* **Collected data**:
--

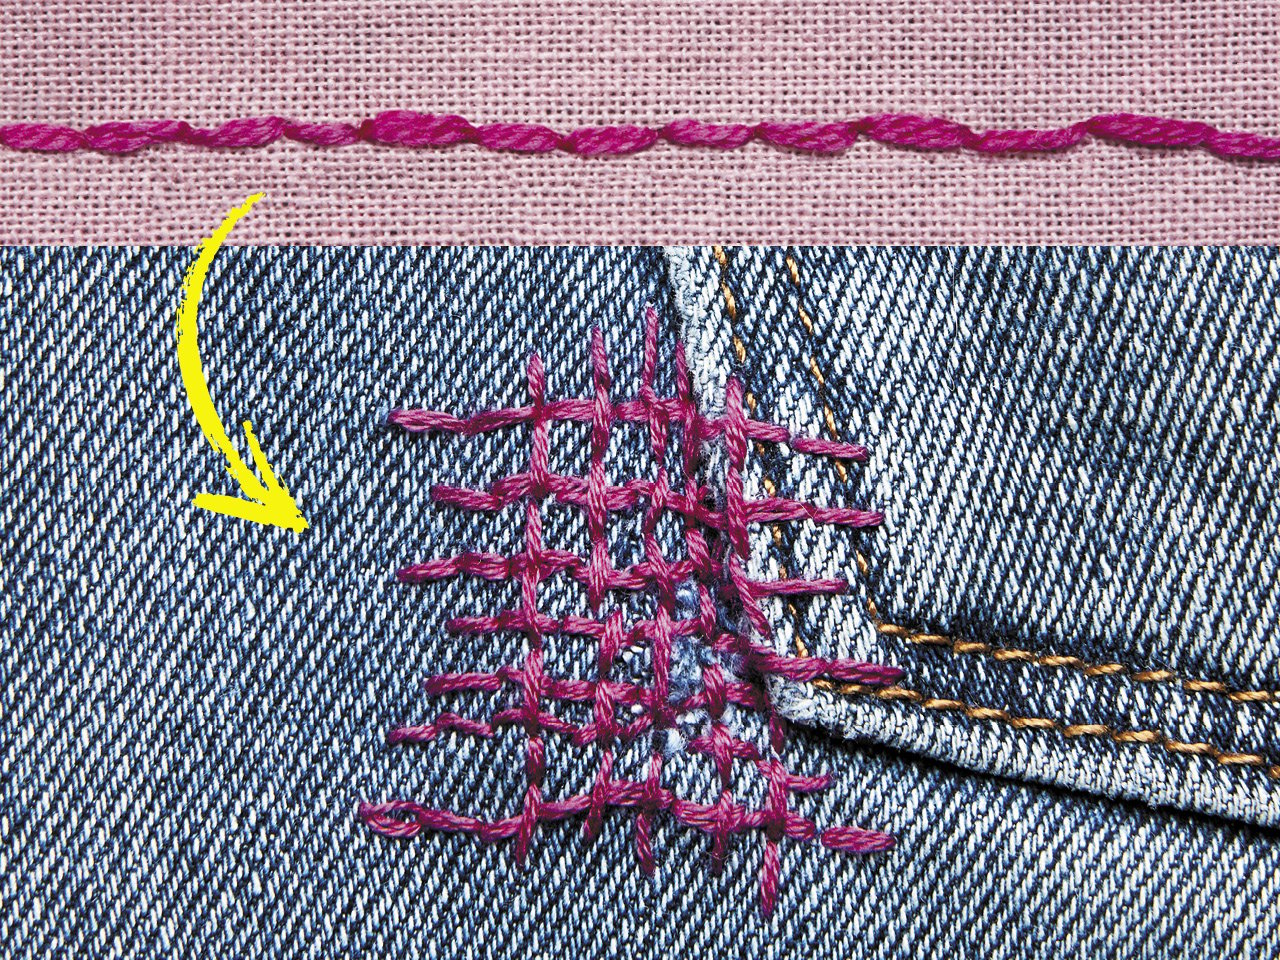 A demonstration of the purple thread back stitch on denim
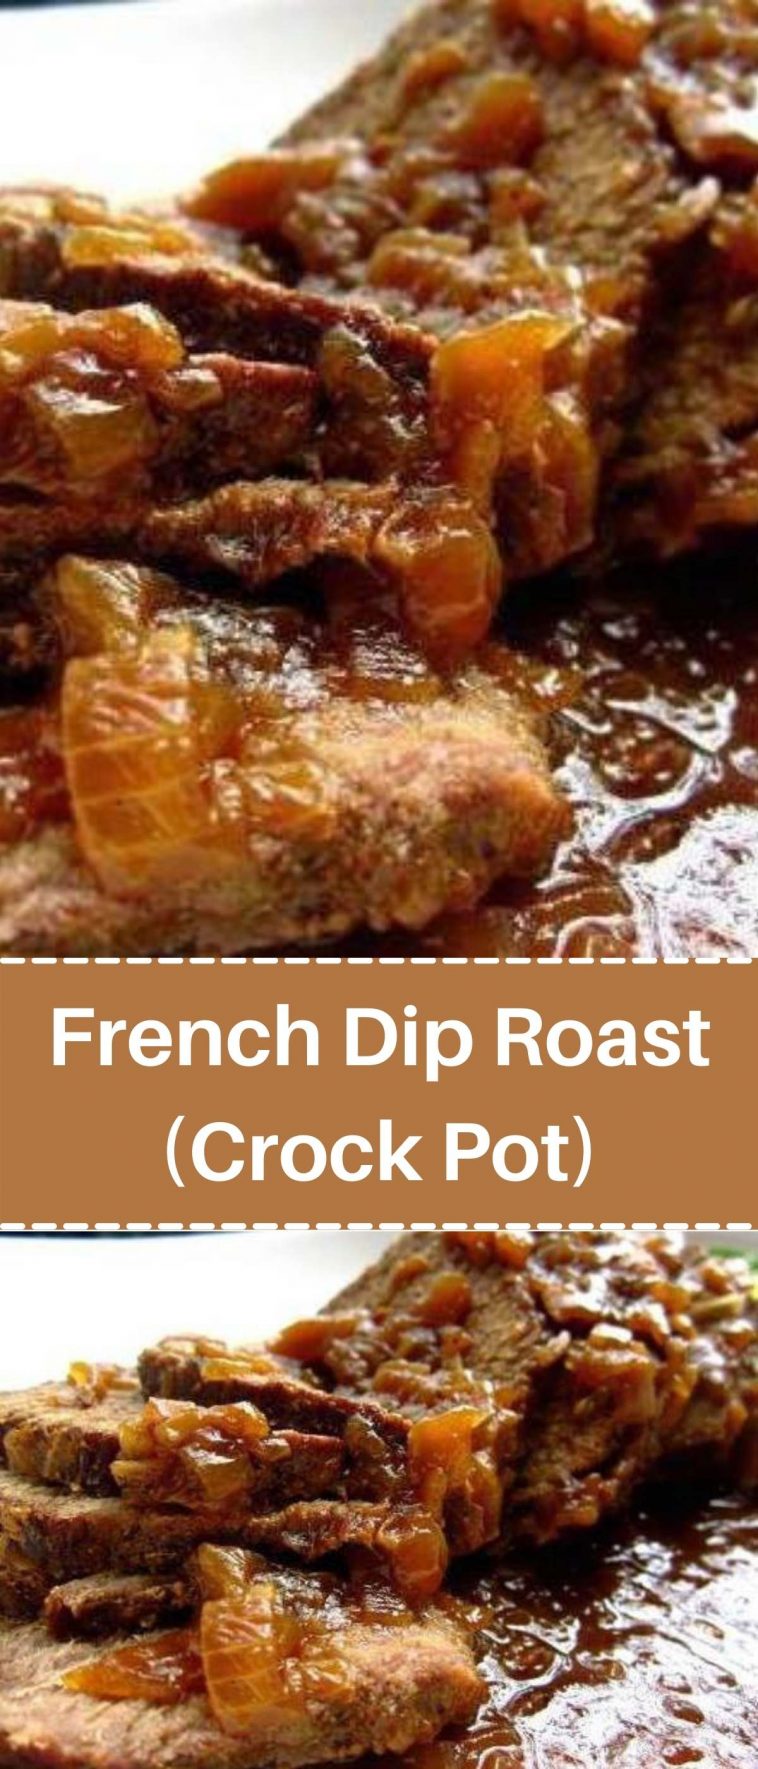 French Dip Roast (Crock Pot)
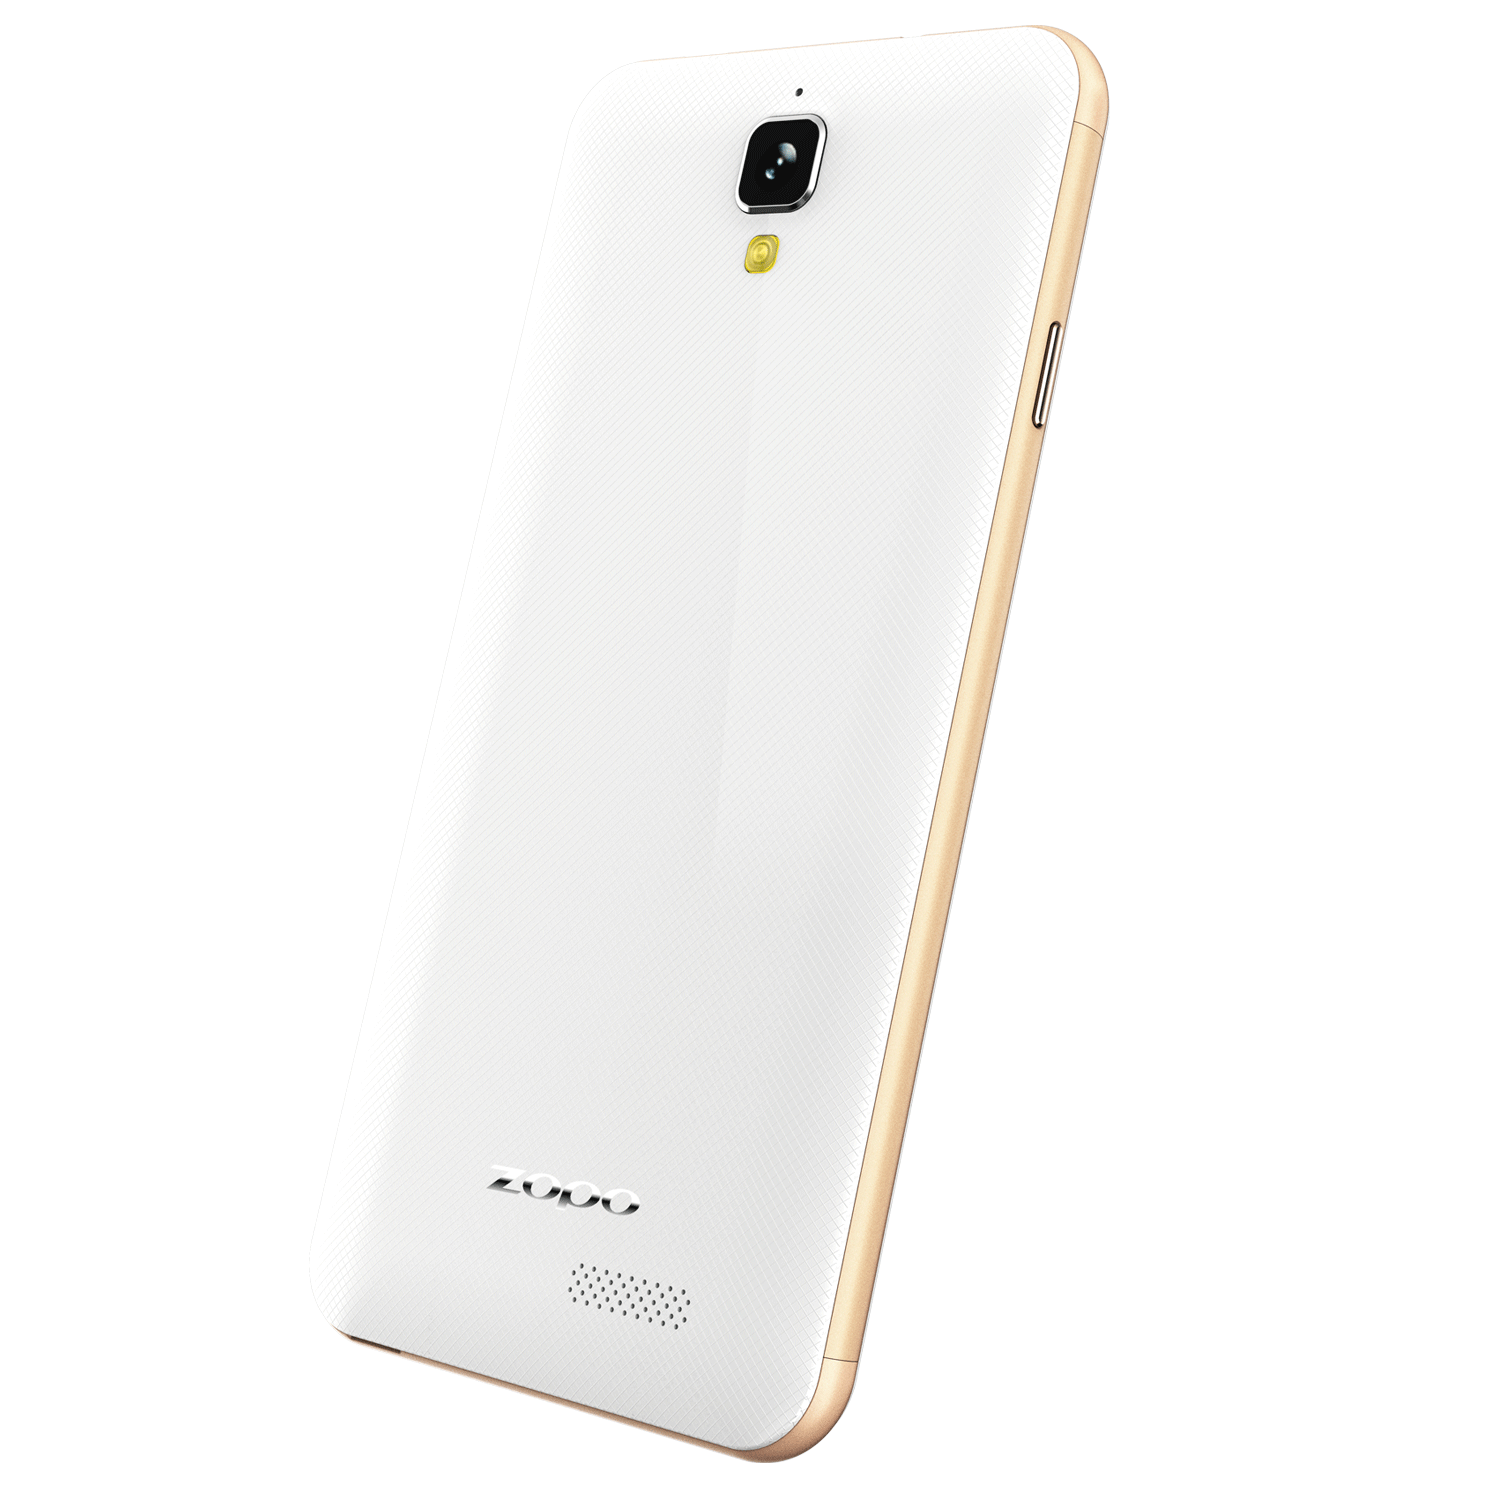 ZOPO ZP530 Smartphone 4G 64bit Quad Core 1.5GHz 5.0 Inch HD Screen Android 4.4- White

--

* **Work required**: Return the listing verbatim, pictures excluded.

* **Result of this task**:
 A demonstration of the purple thread back stitch on denim
 French Dip Roast (Crock Pot)
 ZOPO ZP530 Smartphone 4G 64bit Quad Core 1.5GHz 5.0 Inch HD Screen Android 4.4- White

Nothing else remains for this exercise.